EXERCISE DATA -
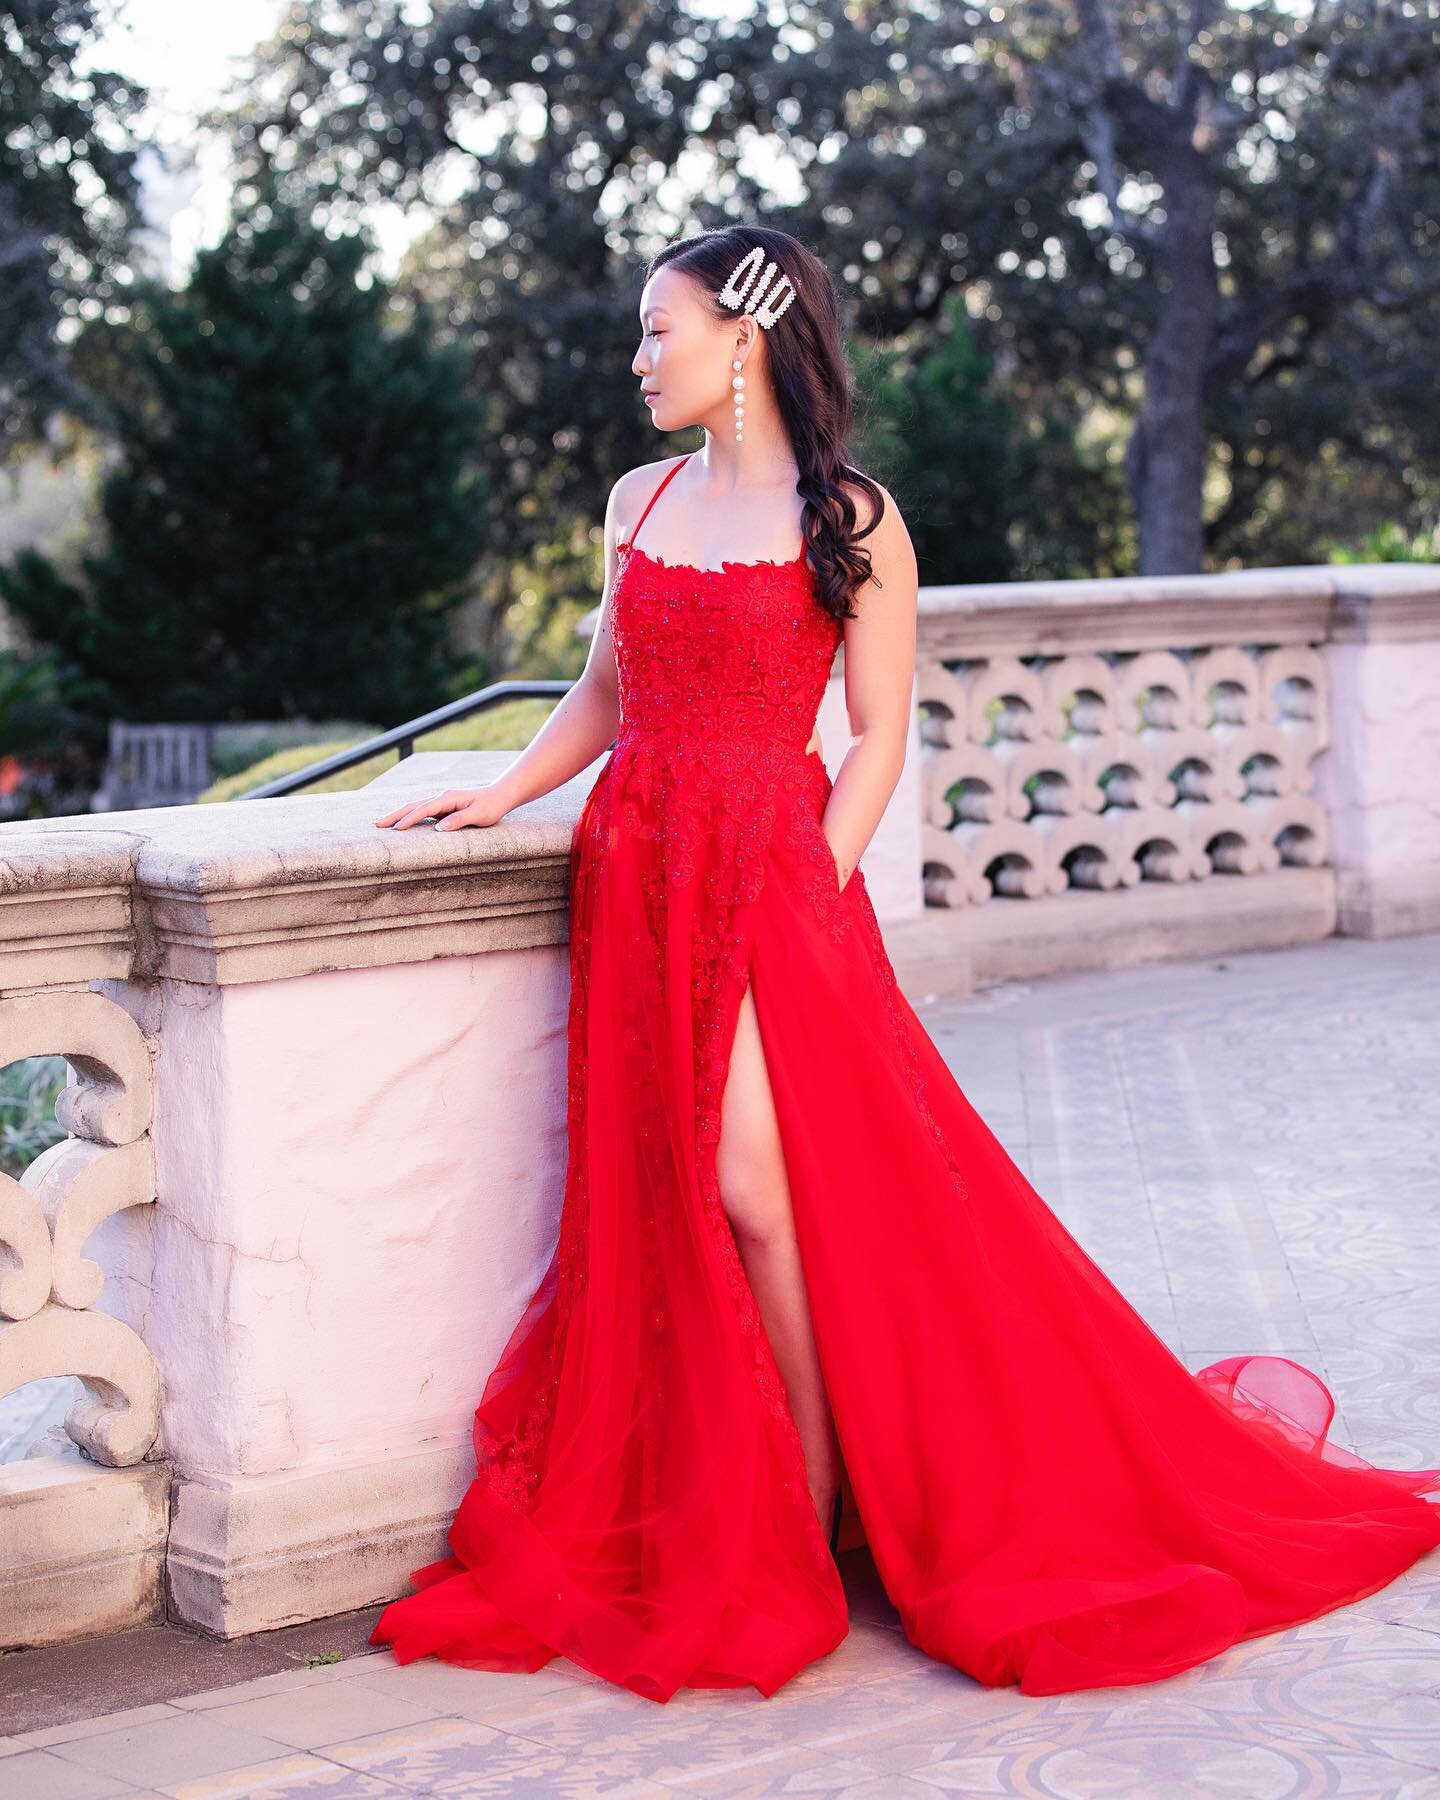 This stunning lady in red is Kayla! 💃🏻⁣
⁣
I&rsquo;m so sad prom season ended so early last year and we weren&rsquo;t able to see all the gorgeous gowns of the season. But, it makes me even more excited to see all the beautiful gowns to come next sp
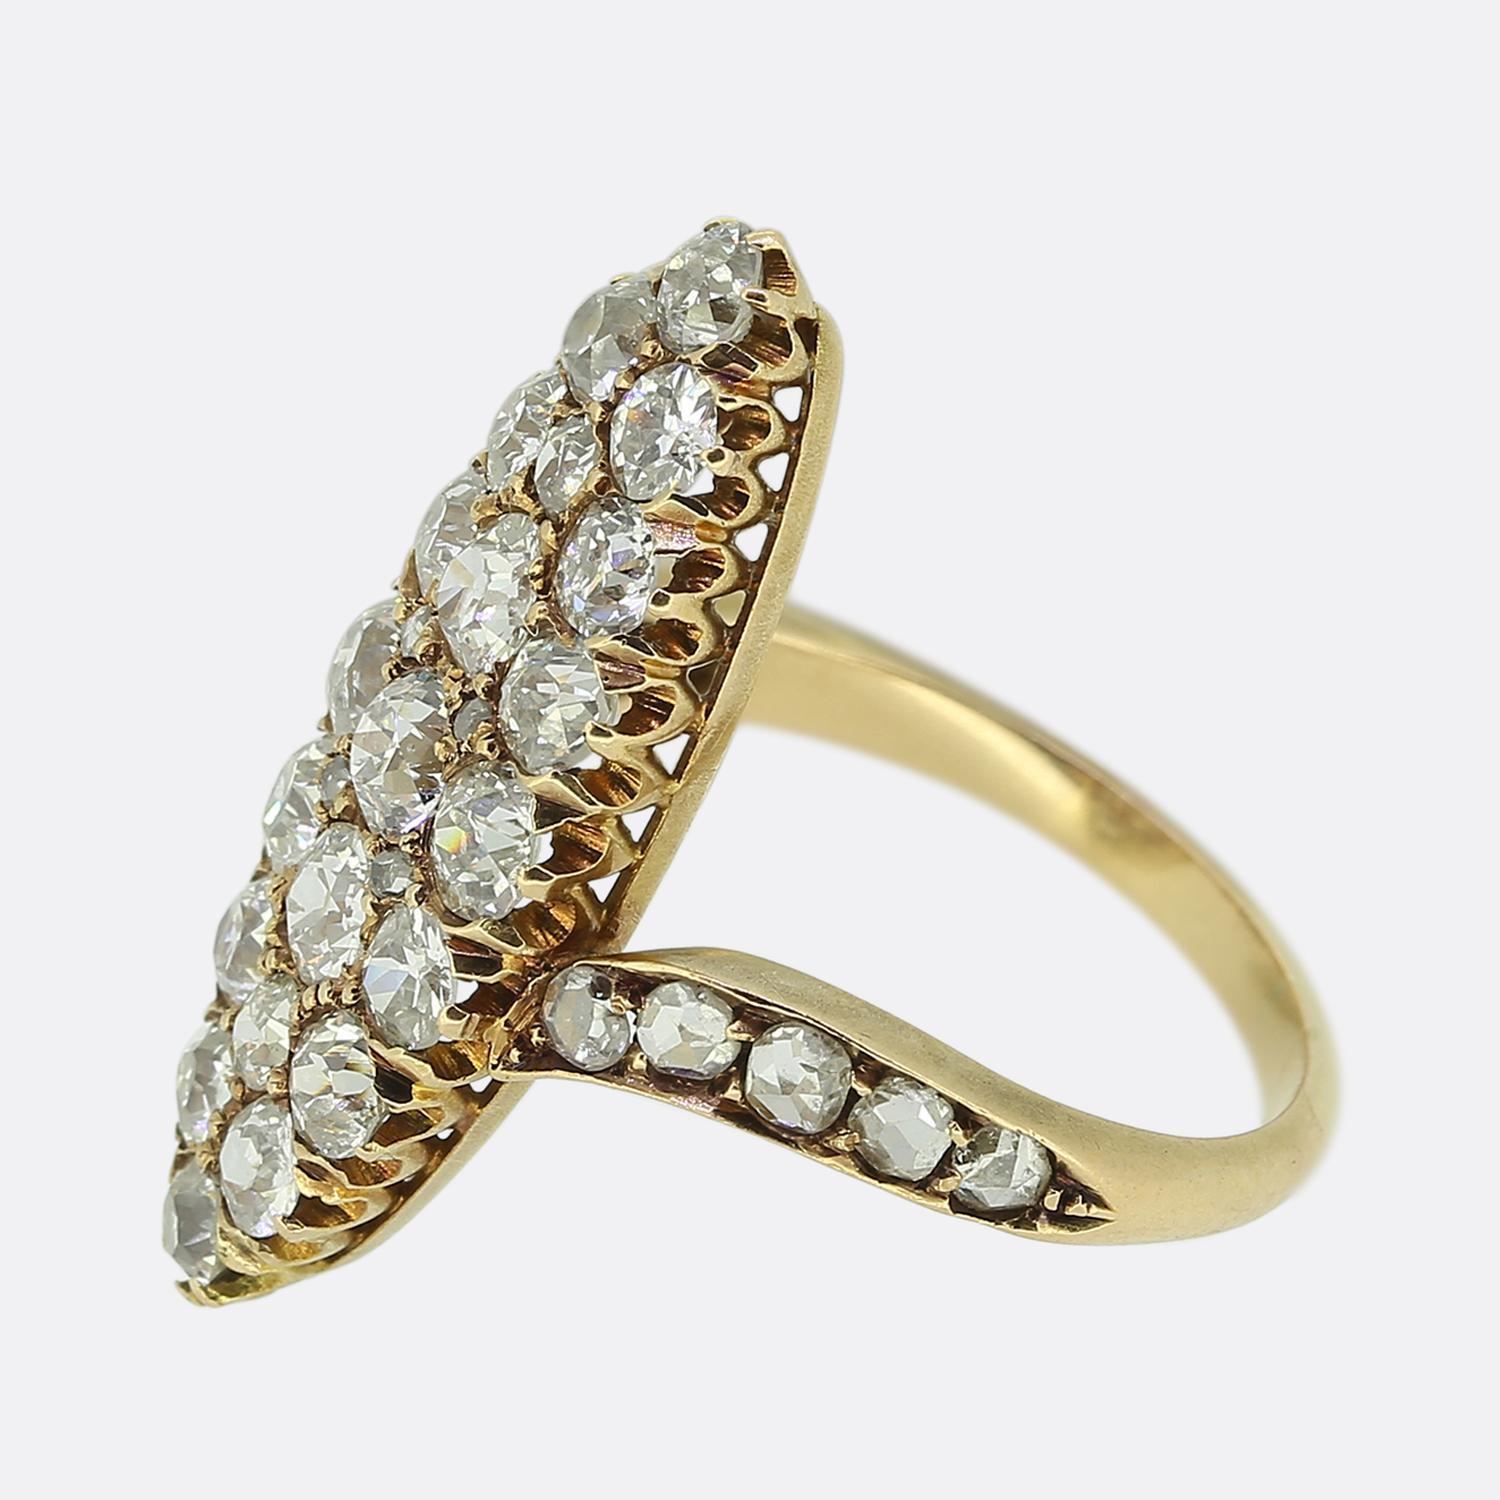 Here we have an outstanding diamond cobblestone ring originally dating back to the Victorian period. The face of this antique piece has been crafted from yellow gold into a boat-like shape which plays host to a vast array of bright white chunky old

REQUIRED ACTION - You are asked to reproduce each line above exactly, but to exclude the pictures.

EXERCISE RESPONSE -
 This stunning lady in red is Kayla! 💃🏻⁣
⁣
I&rsquo;m so sad prom season ended so early last year and we weren&rsquo;t able to see all the gorgeous gowns of the season. But, it makes me even more excited to see all the beautiful gowns to come next sp
 Here we have an outstanding diamond cobblestone ring originally dating back to the Victorian period. The face of this antique piece has been crafted from yellow gold into a boat-like shape which plays host to a vast array of bright white chunky old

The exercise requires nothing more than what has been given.